:: EXERCISE DATA
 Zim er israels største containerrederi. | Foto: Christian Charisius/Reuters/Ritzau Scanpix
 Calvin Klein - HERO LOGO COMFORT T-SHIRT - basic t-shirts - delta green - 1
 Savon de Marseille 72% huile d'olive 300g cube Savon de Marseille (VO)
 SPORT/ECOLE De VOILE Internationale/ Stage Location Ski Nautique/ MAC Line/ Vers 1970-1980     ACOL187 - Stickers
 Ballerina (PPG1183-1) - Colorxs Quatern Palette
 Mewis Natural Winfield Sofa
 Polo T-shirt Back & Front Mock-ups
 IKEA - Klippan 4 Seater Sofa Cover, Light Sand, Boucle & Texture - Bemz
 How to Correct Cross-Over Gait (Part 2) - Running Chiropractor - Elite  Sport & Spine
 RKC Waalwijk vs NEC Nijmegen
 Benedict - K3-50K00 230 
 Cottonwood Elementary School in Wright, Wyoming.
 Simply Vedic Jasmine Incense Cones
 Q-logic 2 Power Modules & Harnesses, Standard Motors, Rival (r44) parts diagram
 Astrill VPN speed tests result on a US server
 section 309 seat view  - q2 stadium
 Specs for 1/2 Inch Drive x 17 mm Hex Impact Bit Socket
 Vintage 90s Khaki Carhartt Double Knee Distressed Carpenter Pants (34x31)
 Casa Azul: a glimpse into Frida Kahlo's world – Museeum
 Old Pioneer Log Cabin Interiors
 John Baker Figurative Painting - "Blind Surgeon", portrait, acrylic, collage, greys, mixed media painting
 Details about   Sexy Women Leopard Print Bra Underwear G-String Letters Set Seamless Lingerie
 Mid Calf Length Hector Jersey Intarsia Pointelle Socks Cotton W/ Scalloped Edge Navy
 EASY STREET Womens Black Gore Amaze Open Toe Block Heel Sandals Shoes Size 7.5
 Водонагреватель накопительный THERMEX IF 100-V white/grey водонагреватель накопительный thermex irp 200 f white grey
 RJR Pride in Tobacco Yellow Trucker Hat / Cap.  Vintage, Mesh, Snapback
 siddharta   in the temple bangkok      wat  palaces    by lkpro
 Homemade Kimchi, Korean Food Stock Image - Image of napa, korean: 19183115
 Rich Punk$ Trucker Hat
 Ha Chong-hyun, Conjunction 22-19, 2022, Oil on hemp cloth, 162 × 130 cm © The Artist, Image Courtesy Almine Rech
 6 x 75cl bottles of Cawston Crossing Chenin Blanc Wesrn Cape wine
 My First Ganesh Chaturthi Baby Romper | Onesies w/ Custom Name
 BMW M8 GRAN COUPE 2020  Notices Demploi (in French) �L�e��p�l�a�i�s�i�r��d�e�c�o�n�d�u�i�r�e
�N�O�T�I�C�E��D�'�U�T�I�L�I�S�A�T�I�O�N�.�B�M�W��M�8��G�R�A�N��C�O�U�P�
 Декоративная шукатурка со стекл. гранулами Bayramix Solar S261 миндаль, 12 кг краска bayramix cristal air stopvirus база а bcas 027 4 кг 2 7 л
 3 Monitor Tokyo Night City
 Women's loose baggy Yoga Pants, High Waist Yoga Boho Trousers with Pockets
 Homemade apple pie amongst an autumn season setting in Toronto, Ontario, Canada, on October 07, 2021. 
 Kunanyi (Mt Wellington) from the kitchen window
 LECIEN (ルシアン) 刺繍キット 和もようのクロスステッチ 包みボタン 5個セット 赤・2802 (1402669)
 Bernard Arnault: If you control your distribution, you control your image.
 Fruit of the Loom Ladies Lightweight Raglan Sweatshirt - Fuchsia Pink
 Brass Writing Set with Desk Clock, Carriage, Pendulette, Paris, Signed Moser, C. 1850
::::
-- PROBLEM TO SOLVE --
Wherever "Pants" occurs in the entries above, copy the line it sits on.

-- RESULT FOR THIS EXERCISE --
 Vintage 90s Khaki Carhartt Double Knee Distressed Carpenter Pants (34x31)
 Women's loose baggy Yoga Pants, High Waist Yoga Boho Trousers with Pockets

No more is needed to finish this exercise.